For employees on reduced schedule FMLA leave, 12 workweeks will get converted into days, hours or minutes. But that can trip up employers, new guidance shows.
The Department of Labor (DOL) just released an opinion letter focused on reduced schedule leave. It’s worth noting this is the first opinion letter employers have seen on the FMLA since 2020.
FMLA 2023-1-A addresses one employer’s situation involving:
- how intermittent or reduced schedule FMLA leave should be calculated, and
- whether employees’ schedule limitations would be “better suited” for reasonable accommodation under the Americans with Disabilities Act (ADA).
The employer that requested the opinion letter had workers on the clock 24 hours a day, so to make scheduling run smoothly, shifts typically ran longer than eight hours.
But for several employees, an eight-hour shift was all they could handle. They’d produced medical certification of serious health conditions, explaining that after completing an eight-hour shift, they’d need to take reduced schedule FMLA leave for the remainder of the shift.
The employer approved the FMLA leave, but the arrangement posed some challenges. So, the company asked the DOL for its assessment.
Insights on FMLA leave
The opinion letter, released February 9, 2023, points out that the employer incorrectly assumed an employee’s annual 12 workweeks of FMLA leave would convert to 480 hours when calculating intermittent or reduced schedule leave.
Indeed, 480 hours would be accurate for someone who’s regularly scheduled to work 40 hours per week. But what if someone works more or less than that? Here are some examples of how workweeks would be converted into hours:
- 12 weeks X 37.5 hours per week = 450 hours
- 12 weeks X 40 hours per week = 480 hours
- 12 weeks X 50 hours per week = 600 hours.
For employees using FMLA leave in small increments, it’s possible that their FMLA leave will continue year after year – “indefinitely,” as the DOL puts it. Alternatively, they might exhaust their available leave in the course of a year. Then they’d have to wait until the following year to request leave again and, at that time, the employer would consider their FMLA eligibility.
As for which law – the FMLA or the ADA – better applied to the employees’ needs, the DOL explains in FMLA 2023-1-A that the two laws don’t cancel each other out. Rather, these laws along with all other applicable federal and state laws should be taken into consideration to determine what best benefits the employee.
In fact, someone may be covered by both the FMLA and the ADA simultaneously. That person would maintain his or her rights under both laws, the DOL makes clear.
Here’s how all this could play out in a workplace:
Let’s say someone with a disability is seeking the reasonable accommodation of switching to part-time work.
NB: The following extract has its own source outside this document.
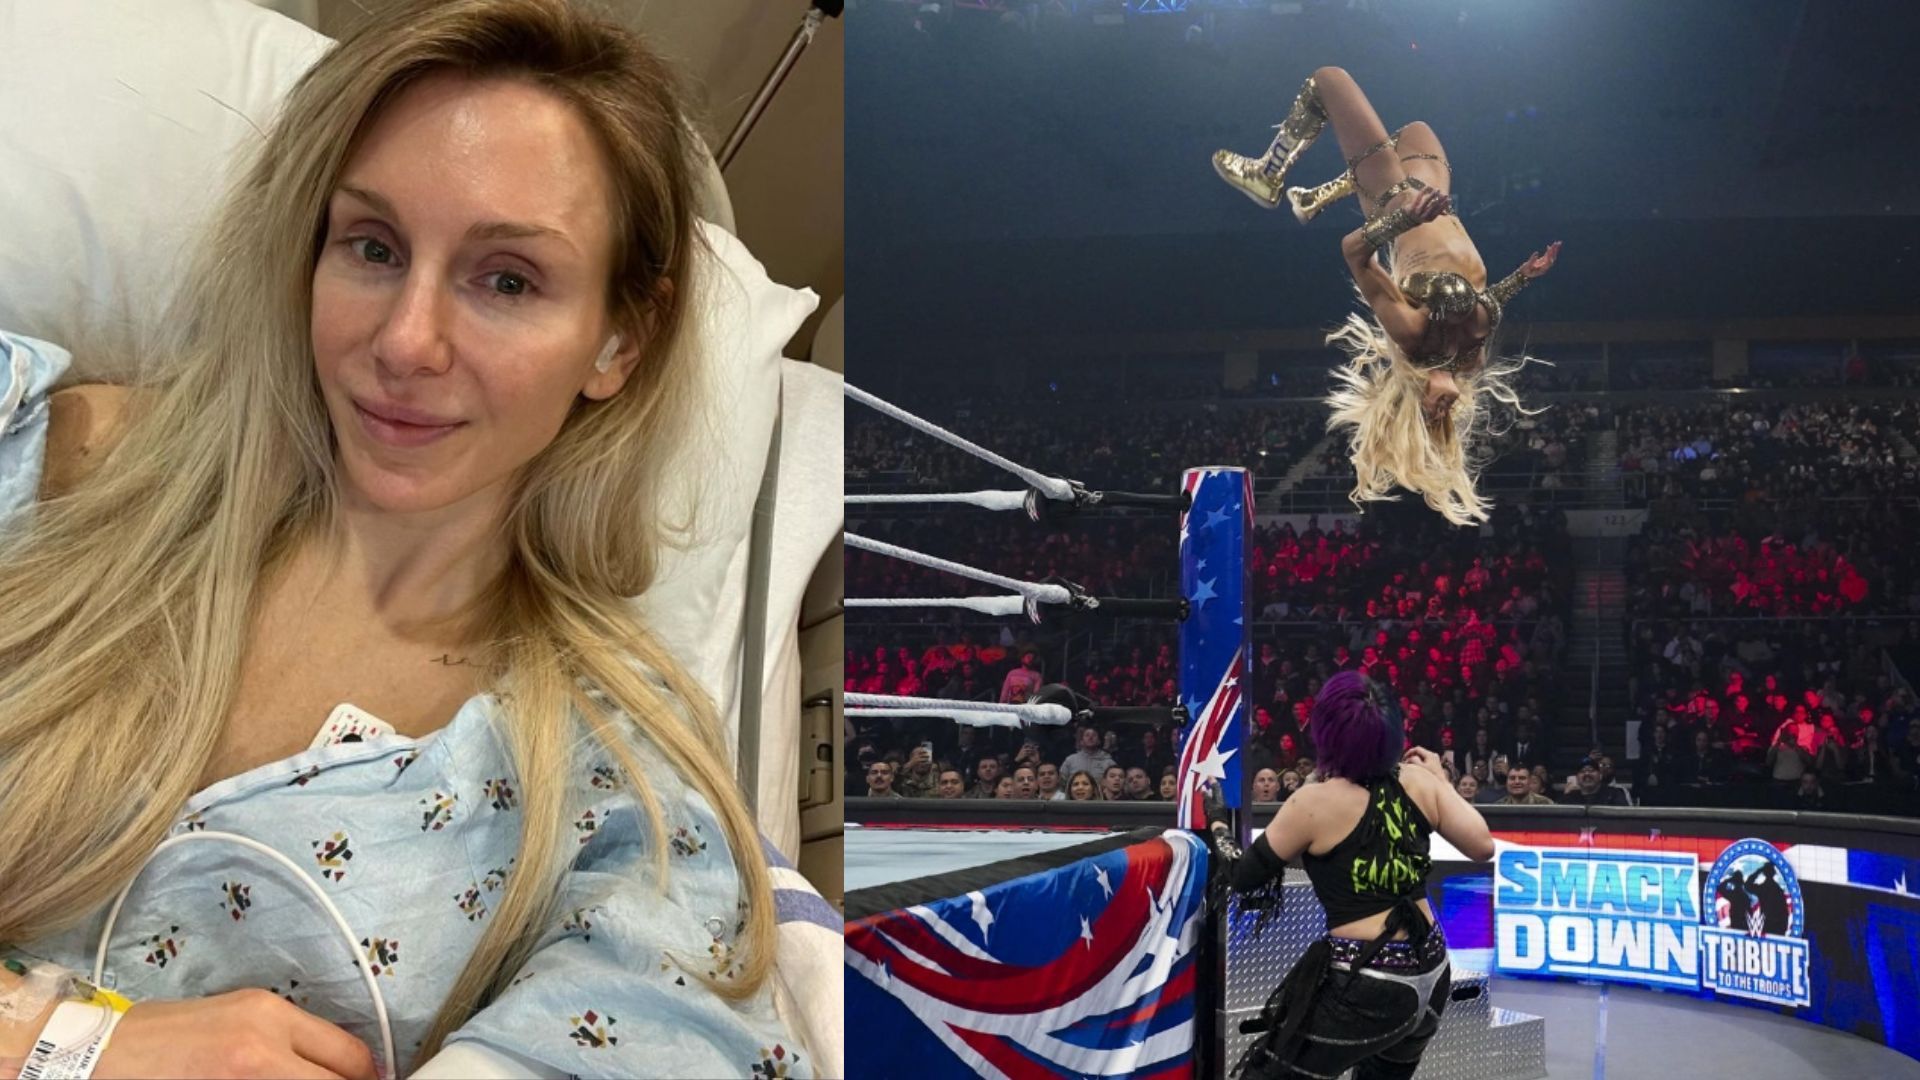 Charlotte Flair got injured during her match against Asuka

That person would lose his or her employer-provided group health insurance coverage, in a situation where only full-time employees are eligible for coverage. Perhaps that employee is also requesting FMLA leave due to a serious health condition. For the duration of the FMLA leave, that person would maintain the employer-provided group health insurance coverage.
How the FLSA factors in
Under the FMLA, leave doesn’t need to be paid, so intermittent or reduced schedule leave is fairly straightforward when you’re dealing with nonexempt, hourly employees who don’t have any paid time off available.
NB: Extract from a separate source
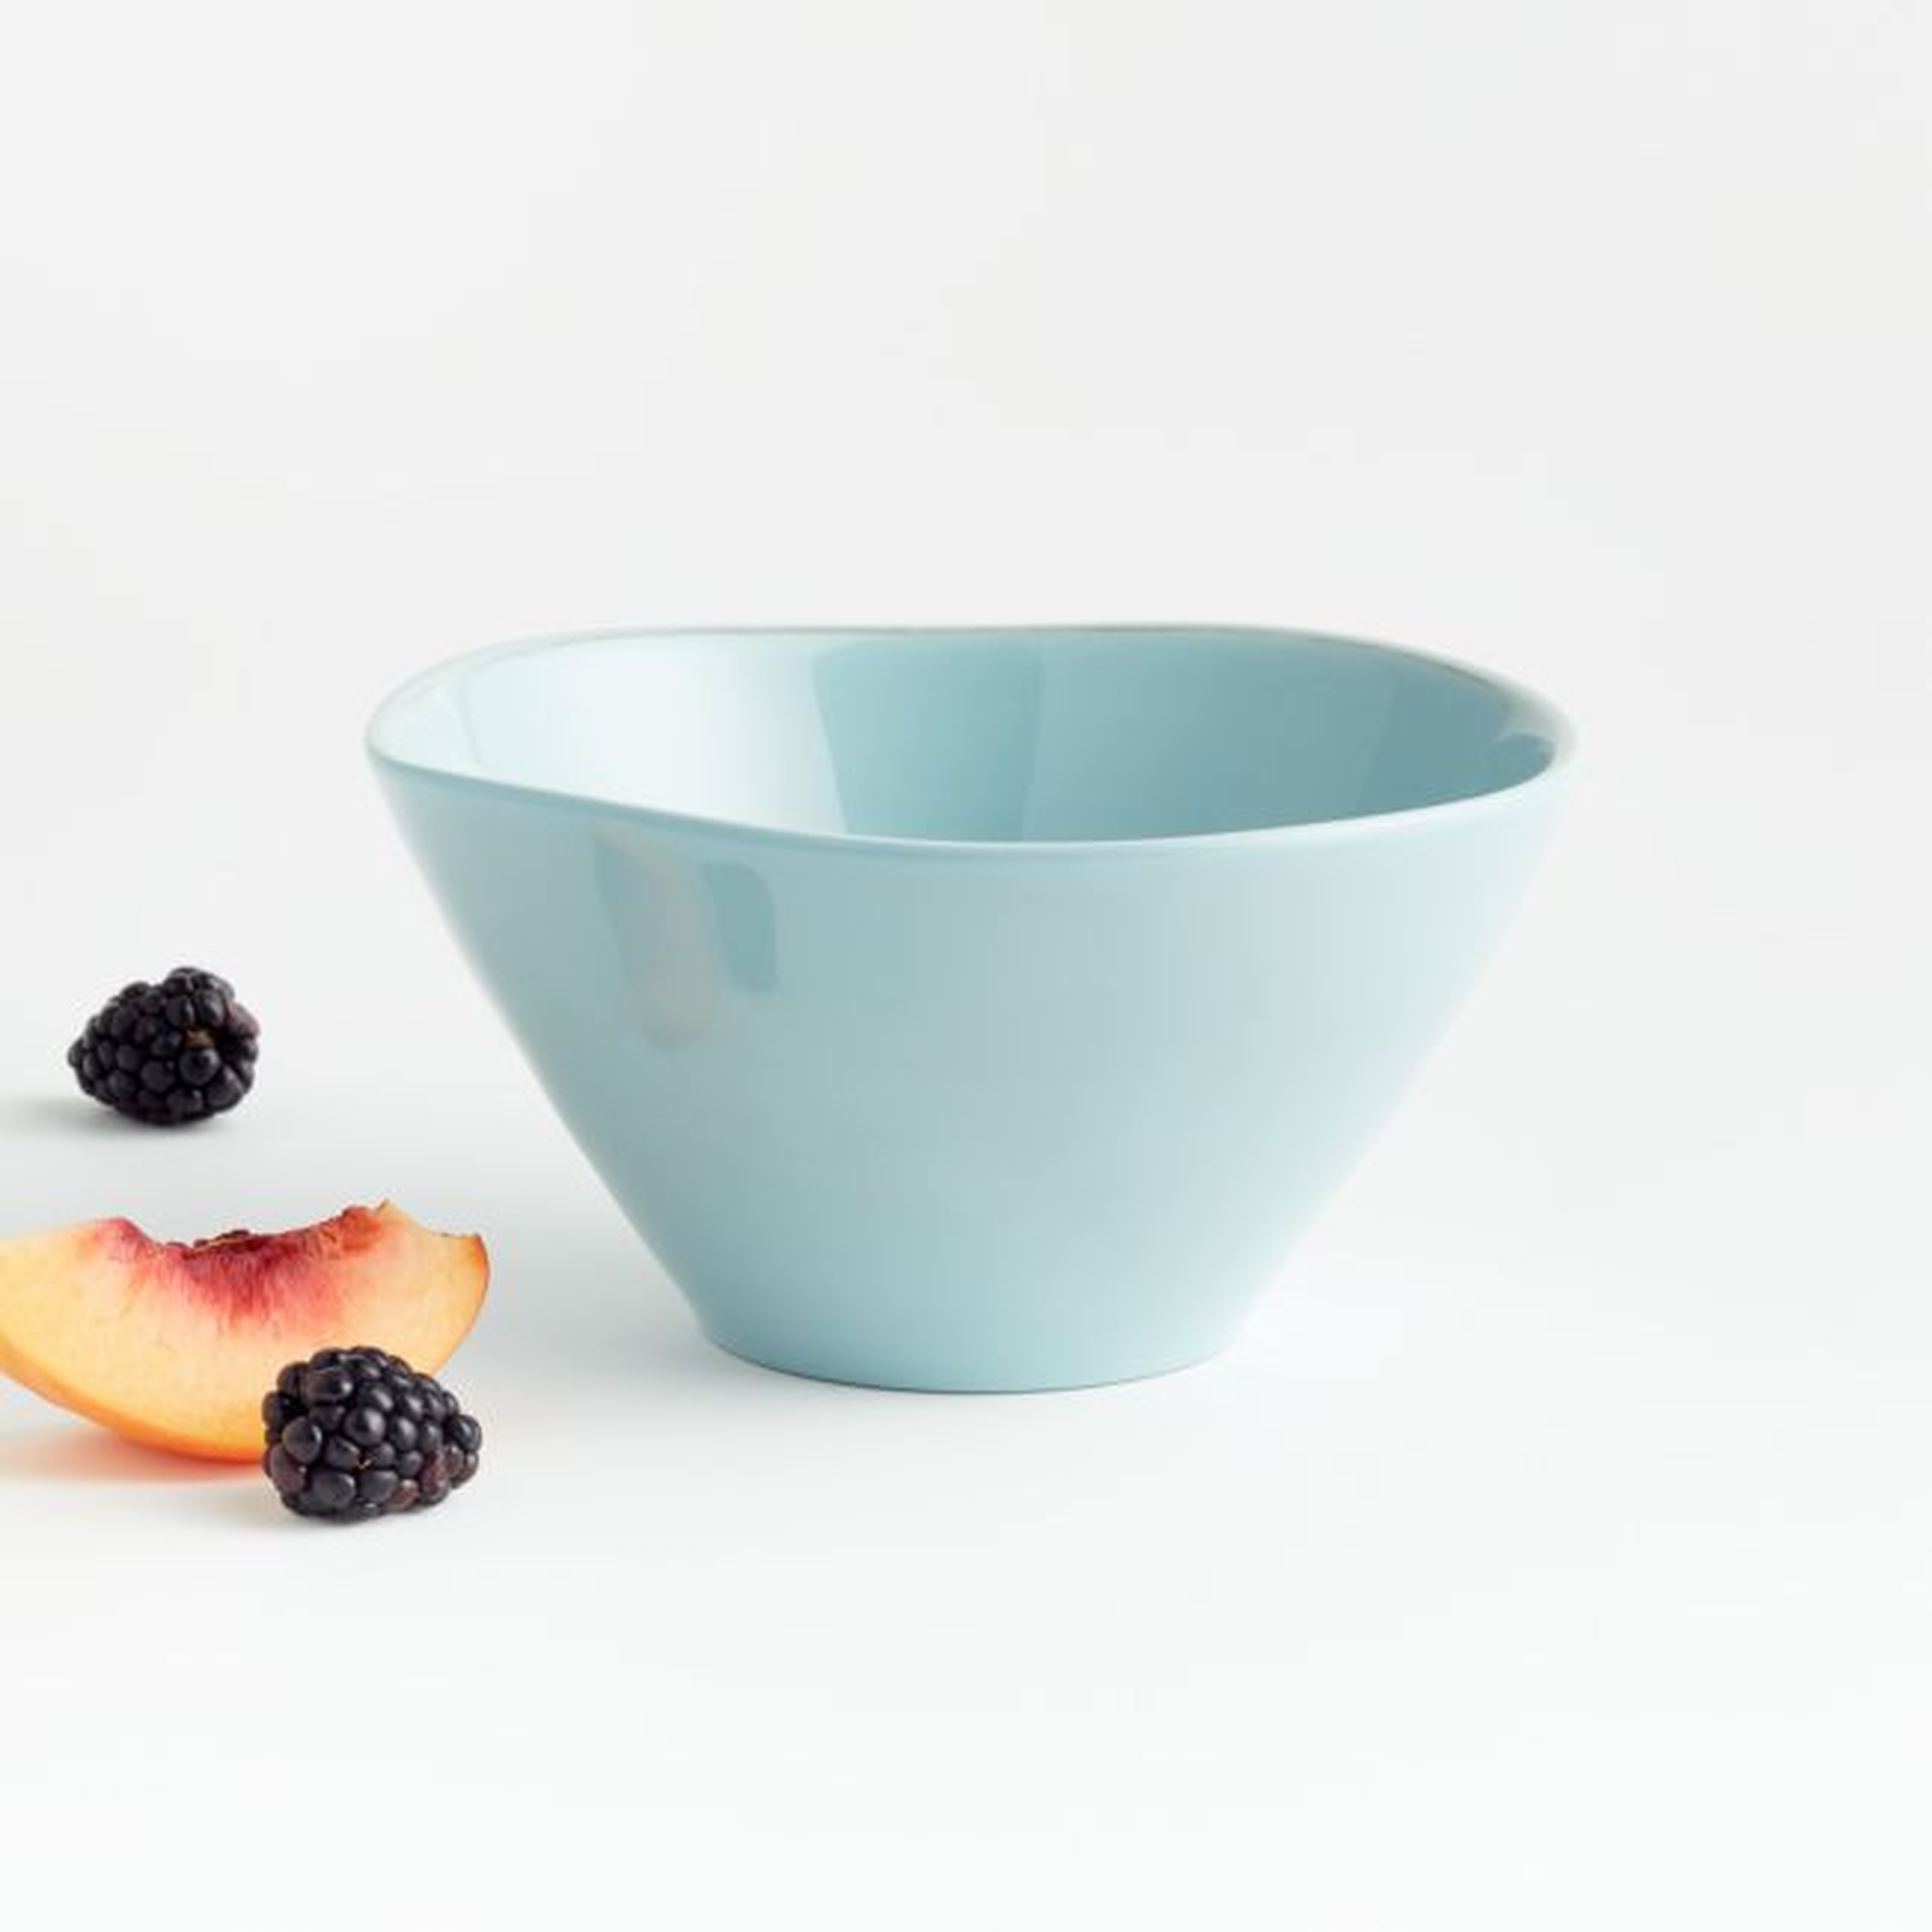 Marin Blue Outdoor Melamine Bowl - Crate and Barrel

But what about someone who’s been classified as exempt from the minimum wage and overtime requirements of the Fair Labor Standards Act (FLSA)? According to FLSA regulations, that person must be paid on a salary basis – and that means you can’t make deductions for partial-day absences. But there’s a caveat to that: In the case of an exempt employee who’s taking intermittent or reduced schedule FMLA leave, partial day absences are allowed.